___ Provided material

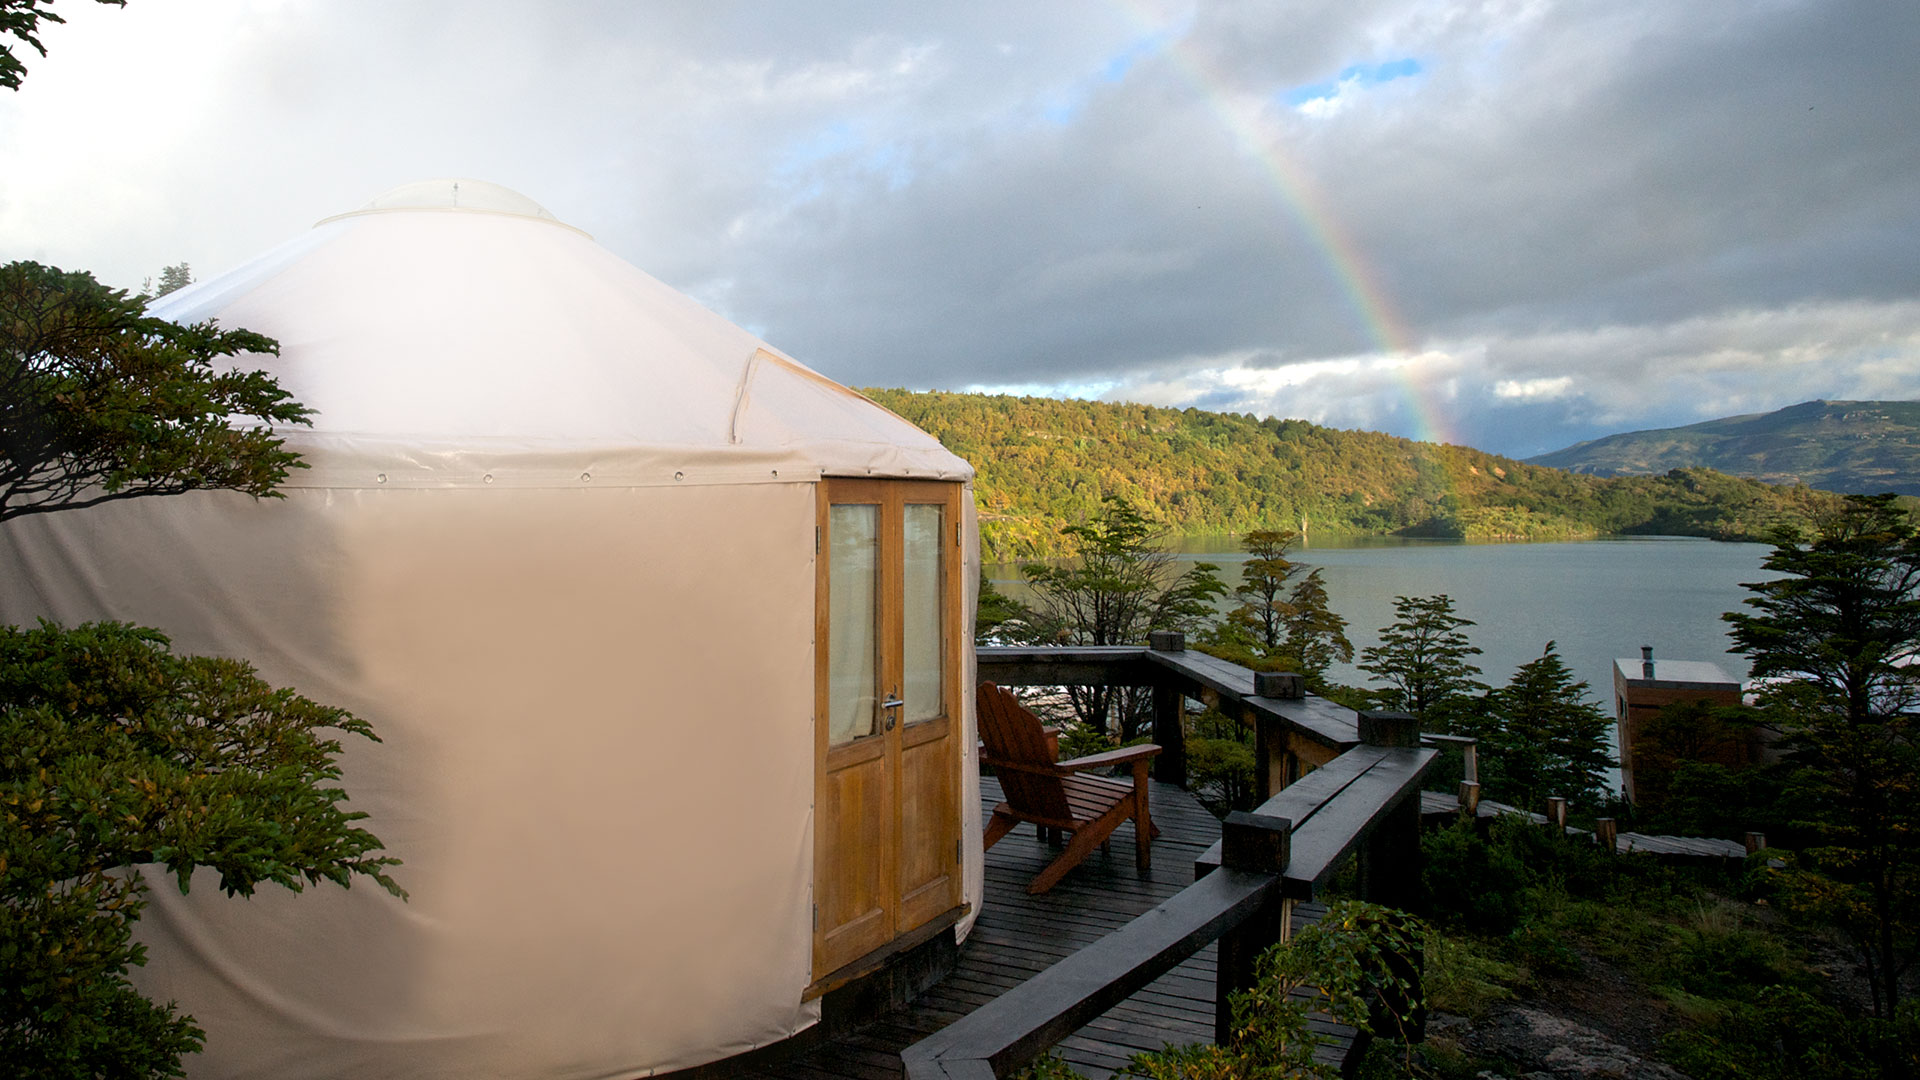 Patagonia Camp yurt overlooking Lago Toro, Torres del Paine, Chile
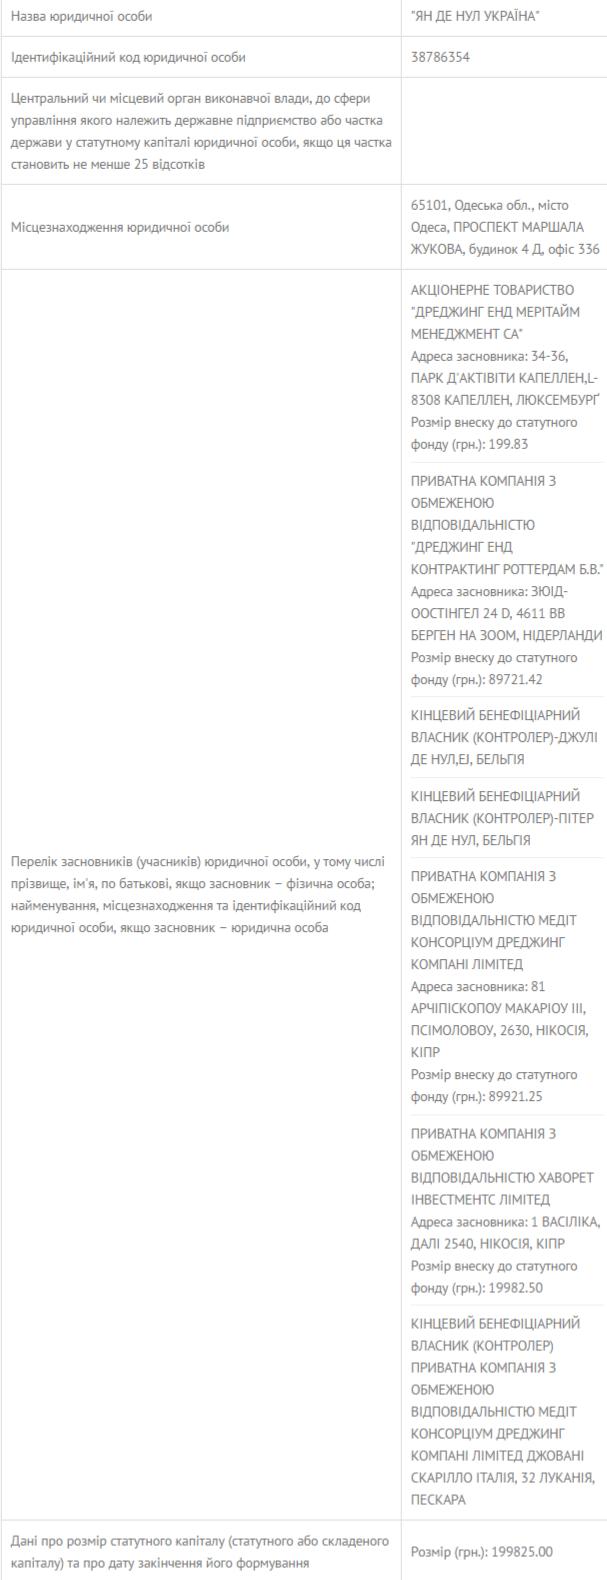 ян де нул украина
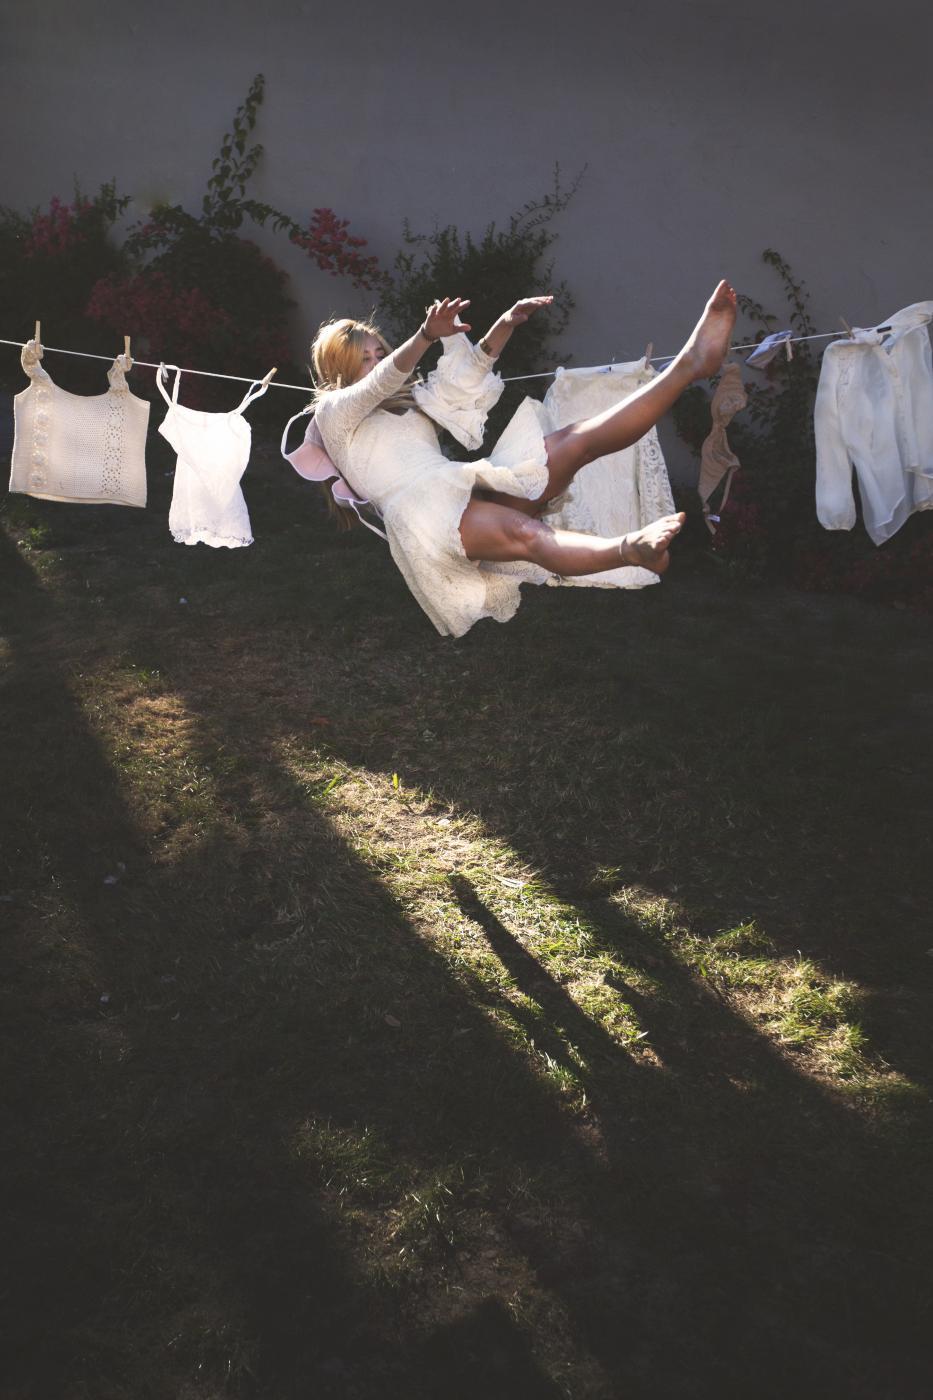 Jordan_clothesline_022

______

Write out all of the data above exactly, without any of its pictures.

 Patagonia Camp yurt overlooking Lago Toro, Torres del Paine, Chile
 ян де нул украина
 Jordan_clothesline_022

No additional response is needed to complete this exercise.